Количественные клеточной биологии нейродегенеративные у дрозофилы путем объективного анализа дневно тегами белков с помощью ImageJ
Summary
Мы разработали простой и адаптации рабочего процесса для получения количественных данных из ячейки на основе изображений флуоресценции биологических исследований агрегации белков и autophagic потока в центральной нервной системе дрозофилы моделей нейродегенеративные.
Abstract
С ростом распространенности нейродегенеративных заболеваний все более важно понять основные патофизиологии, что приводит к дисфункции нейронов и потери. На основе флуоресценции изображений инструменты и технологии позволяют беспрецедентный анализ субцеллюлярные нейробиологических процессов, пока сохраняется потребность в беспристрастной, воспроизводимые и доступные подходы для получения количественных данных из изображений исследования . Мы разработали простой и гибкой рабочий процесс, чтобы извлекать из на основе флуоресценции изображений исследования с использованием модели дрозофилы нейродегенеративные количественные данные. В частности, мы описываем easy-to последующие, полуавтоматическое подход с использованием Фиджи/ImageJ для анализа двух клеточных процессов: во-первых, мы количественно совокупного содержания белка и профиль в доле зрительного дрозофилы , с помощью люминесцентной меткой мутант гентингтина белков; и во-вторых, мы оцениваем autophagy Лизосома потока в системе дрозофилы визуальные с количественной оценки на основе ratiometric тандем флуоресцентные репортер autophagy. Важно отметить, что изложенные здесь протокол включает полуавтоматическая сегментация шаг, чтобы убедиться, что все флуоресцентные структуры анализируются к минимуму систематическая и увеличить разрешение тонкие сравнений. Этот подход может быть продлен для анализа других клеток биологических структур и процессов причастны нейродегенеративные, таких как белковых puncta (гранулы стресс и синаптическую комплексы), а также мембраны прыгните отсеков (митохондрии и мембрана везикулы торговли людьми).

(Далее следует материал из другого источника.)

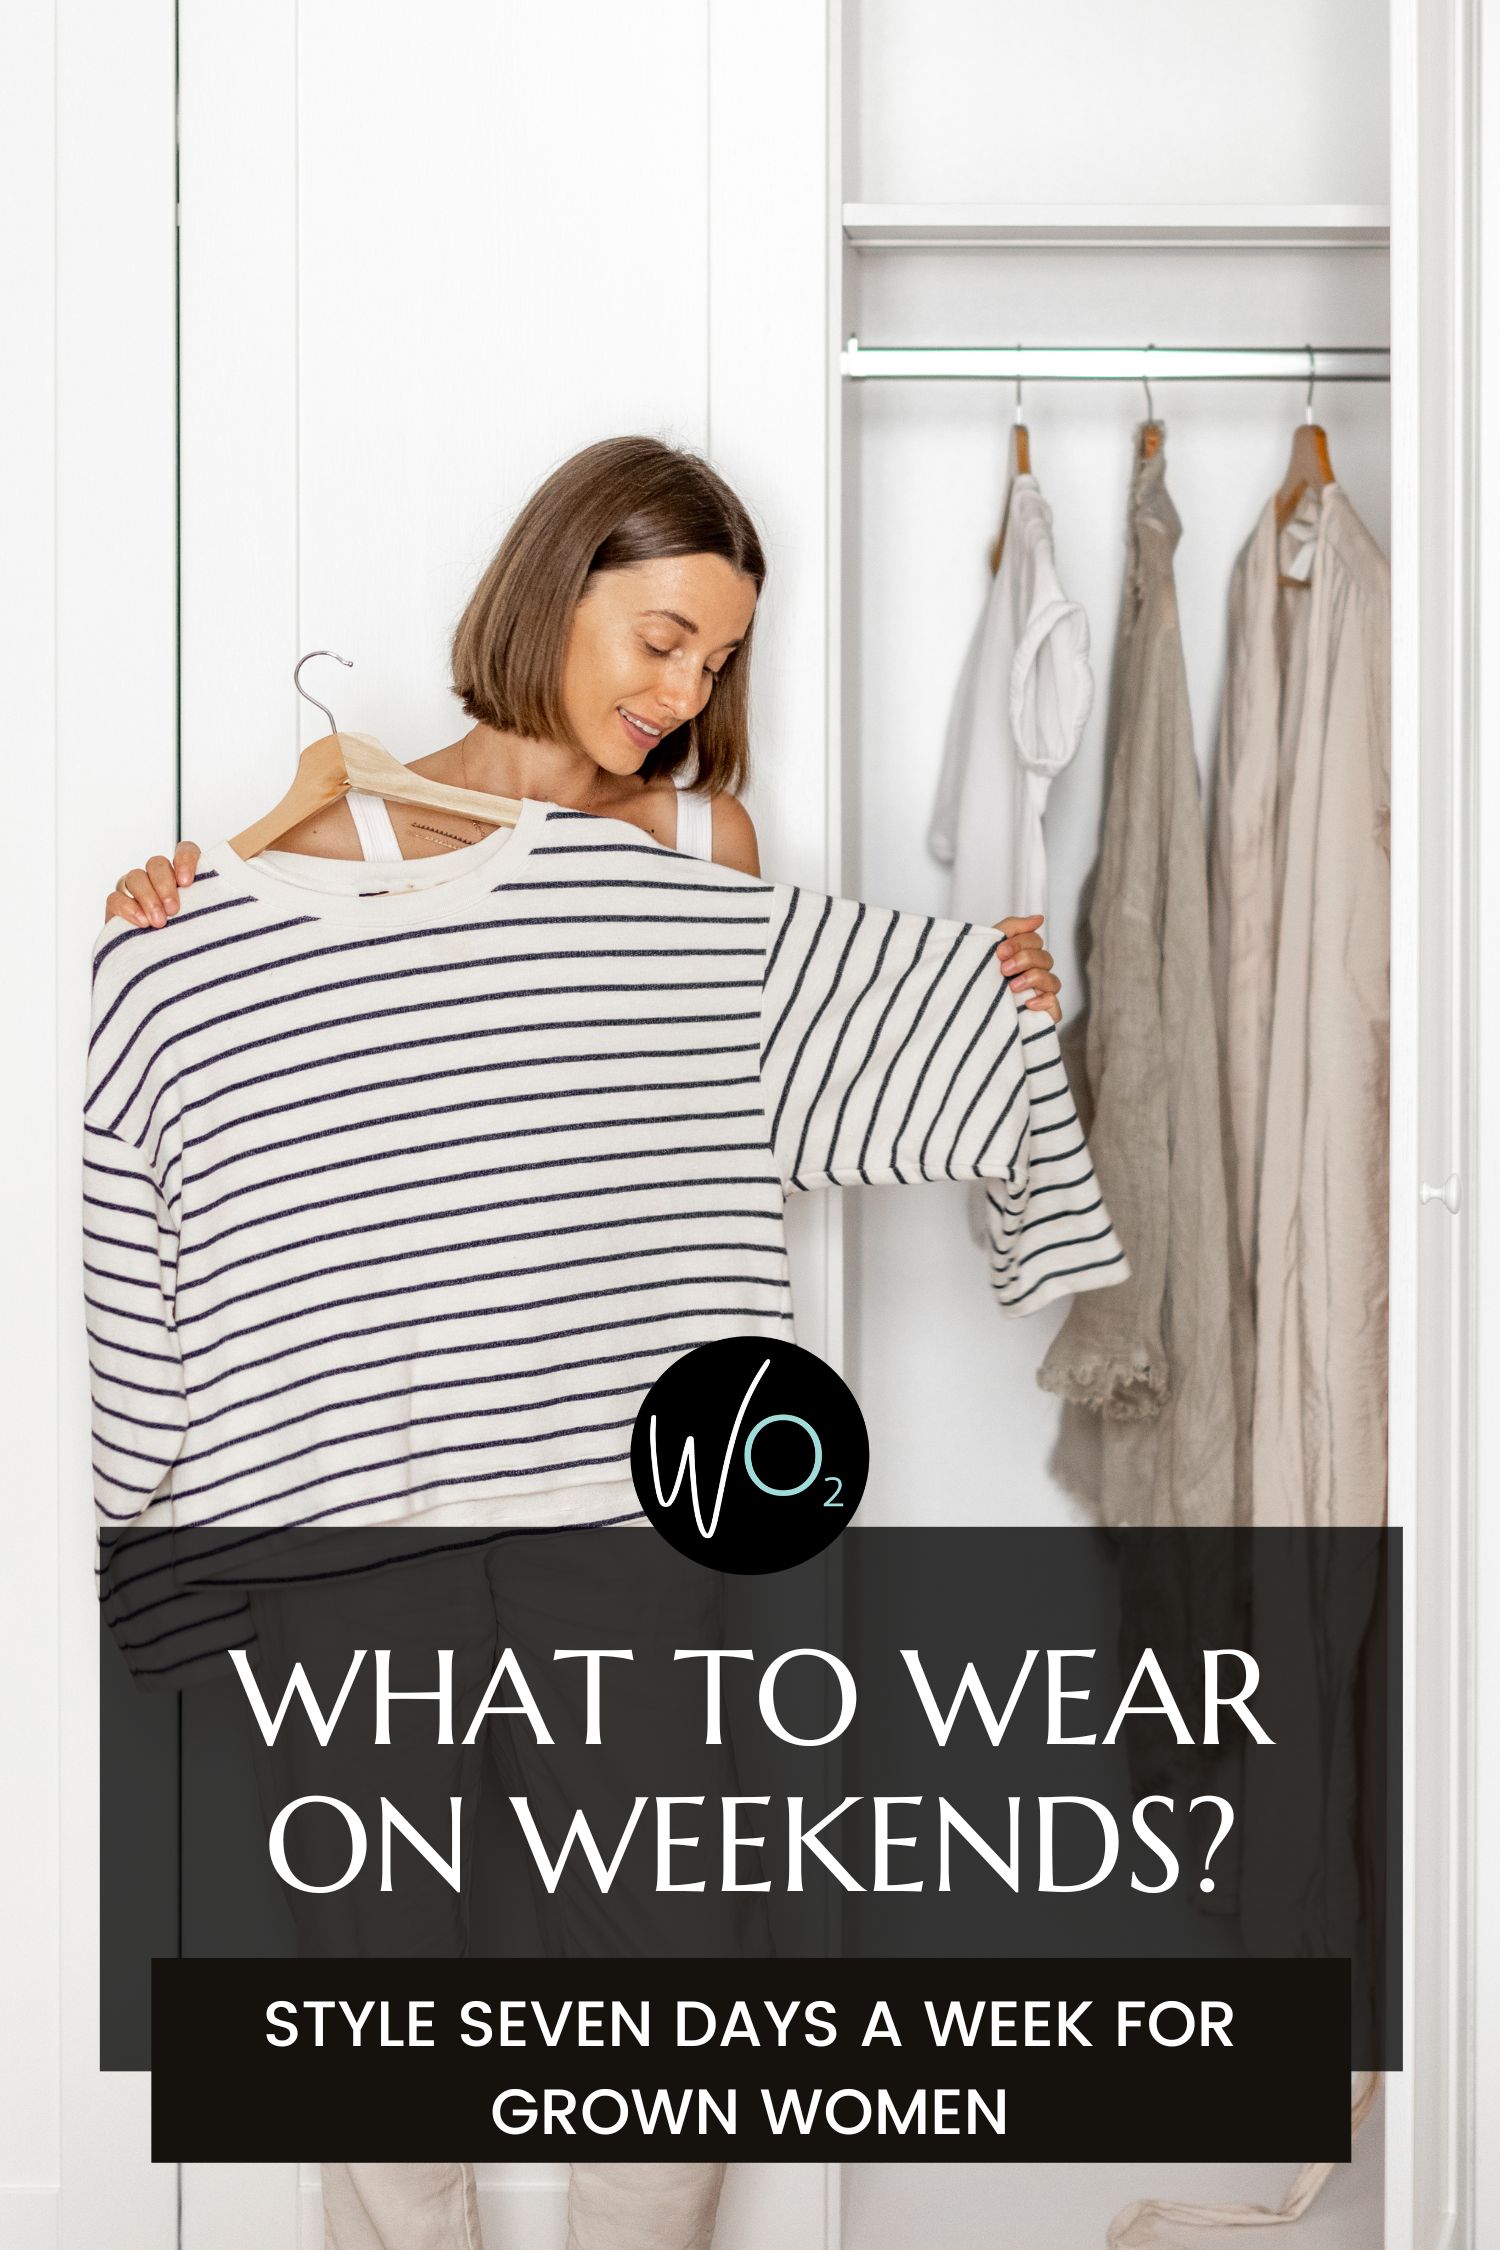 What to Wear on Weekends?

Этот метод обеспечивает стандартизированный, но адаптированы ссылку для анализа изображений и количественной оценки и могли бы способствовать надежности и воспроизводимости через поле и в конечном итоге повысить механистического понимания нейродегенеративные.
Introduction
Нейродегенеративные заболевания затрагивают миллионы людей каждый год, и растет с старение населения1. Хотя каждый нейродегенеративные заболевания имеет уникальный этиологии, агрегирование смятых протеинов и разбивка proteostasis сети общих патологических отличительными особенностями являются многие из этих болезней. Разъяснение, как нарушение этих основных и взаимосвязанных процессов идет наперекосяк вносить нейрональных дисфункции и клеток смерть имеет решающее значение для понимания нейродегенеративных заболеваний, а также руководящих терапевтических вмешательств. На основе флуоресценции изображений позволяет для расследования эти сложные и динамичные процессы в нейронах и внесла значительный вклад в наше понимание биологии нейрональные клетки. Анализ дневно тегами белков является сложной задачей, особенно когда эксперименты проводятся в естественных условиях, из-за весьма компактный тканей, типов различных клеток и морфологическая неоднородность. Вручную помощь количественной оценки является доступным и простым, но часто занимает много времени и при условии человека предвзятости. Таким образом существует потребность в беспристрастной, воспроизводимые и доступные подходы для получения количественных данных из изображений исследования.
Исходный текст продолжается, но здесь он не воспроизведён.